_RECORDS:_
◇ ◇ ◇ ◇

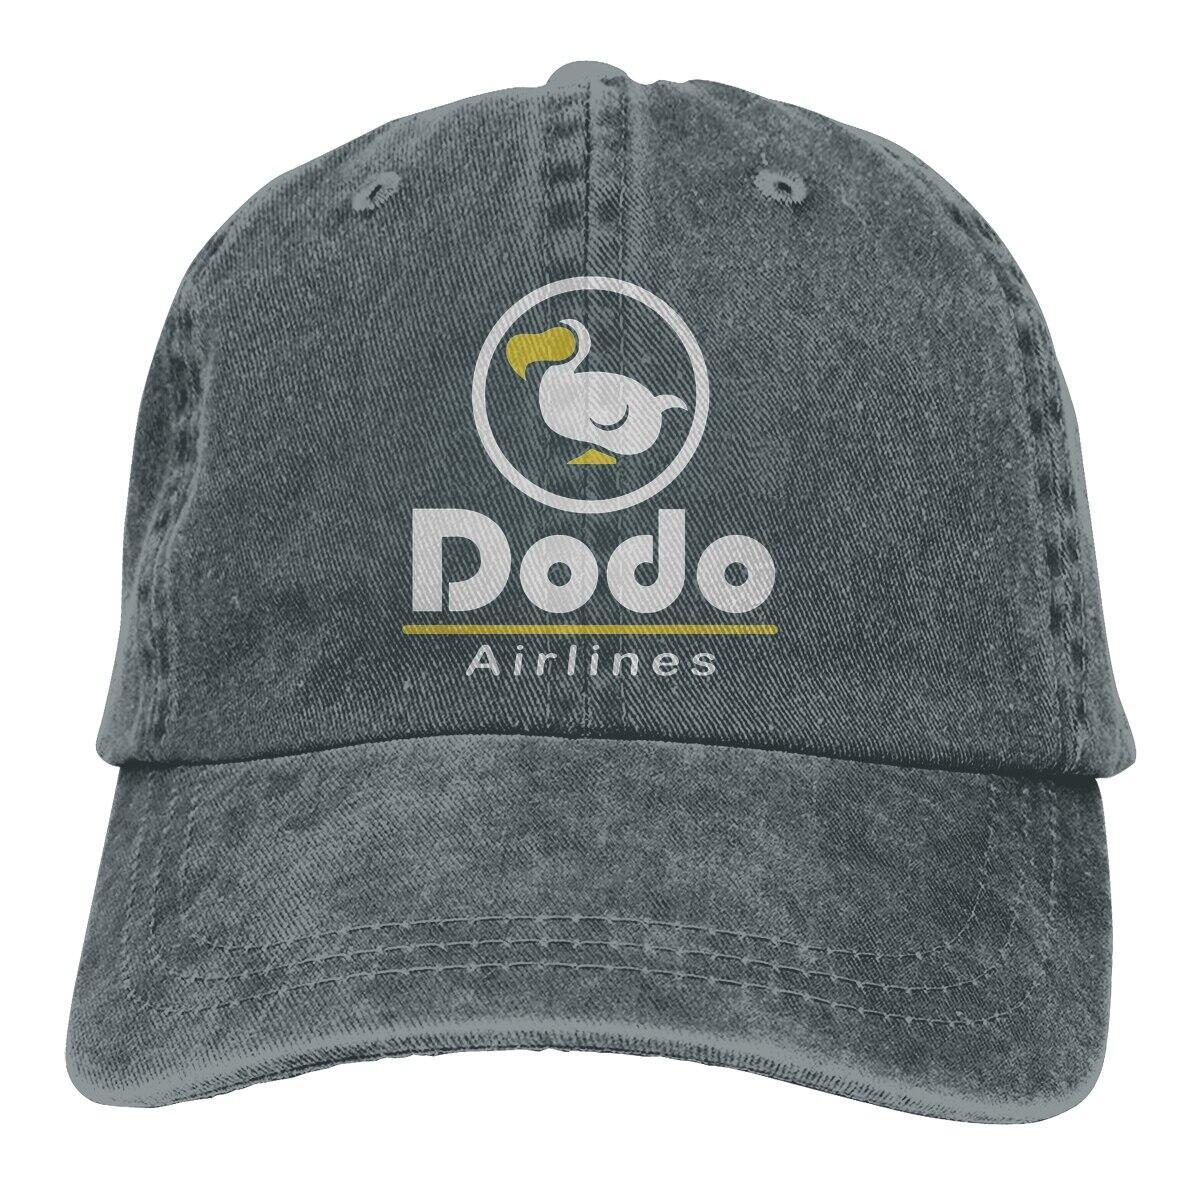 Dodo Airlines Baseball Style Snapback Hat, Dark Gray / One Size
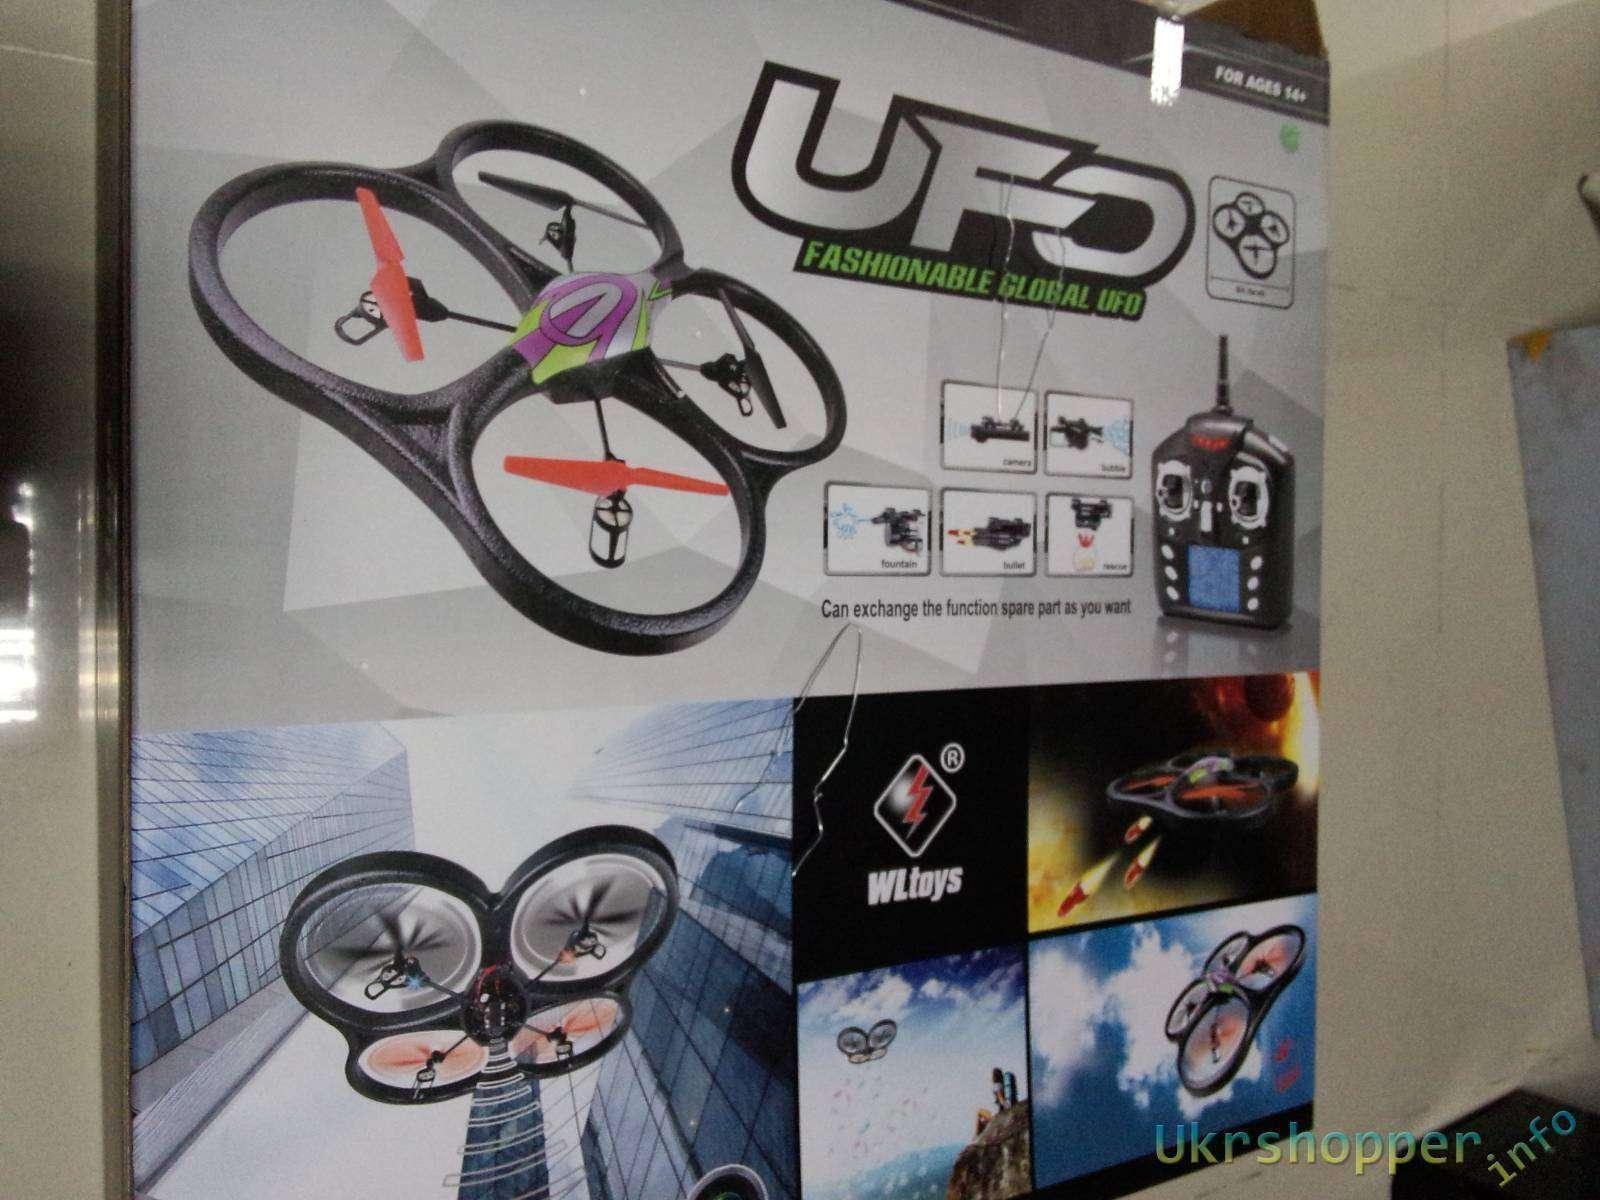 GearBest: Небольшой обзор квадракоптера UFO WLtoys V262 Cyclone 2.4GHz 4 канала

◇ ◇ ◇ ◇

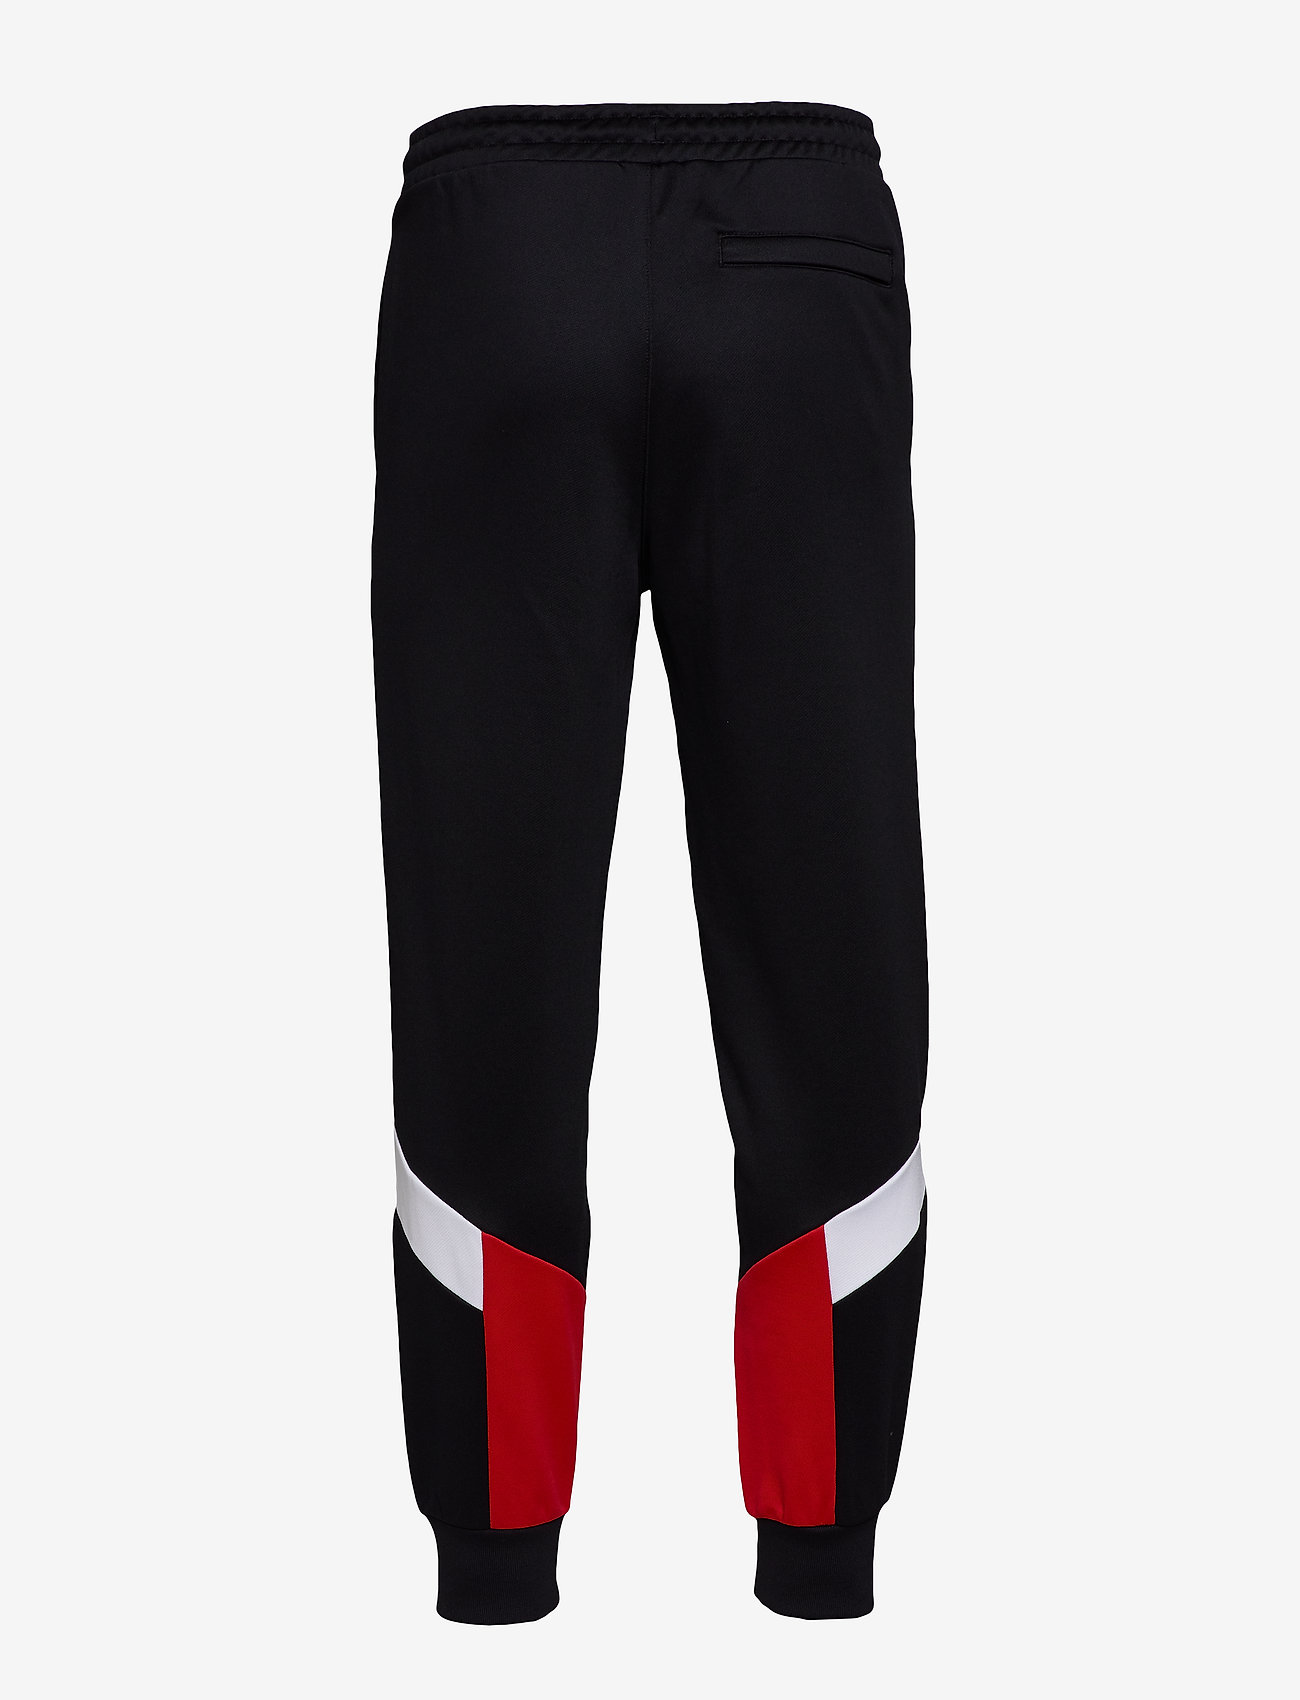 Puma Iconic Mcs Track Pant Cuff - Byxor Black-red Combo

◇ ◇ ◇ ◇

_EXERCISE GOAL:_ Would you copy the lines above exactly, starting with the one that has "Dodo Airlines Baseball" and ending with the one that has "GearBest: Небольшой обзор", both included, without the pictures?

_ANSWER TO THIS EXERCISE:_
 Dodo Airlines Baseball Style Snapback Hat, Dark Gray / One Size
 GearBest: Небольшой обзор квадракоптера UFO WLtoys V262 Cyclone 2.4GHz 4 канала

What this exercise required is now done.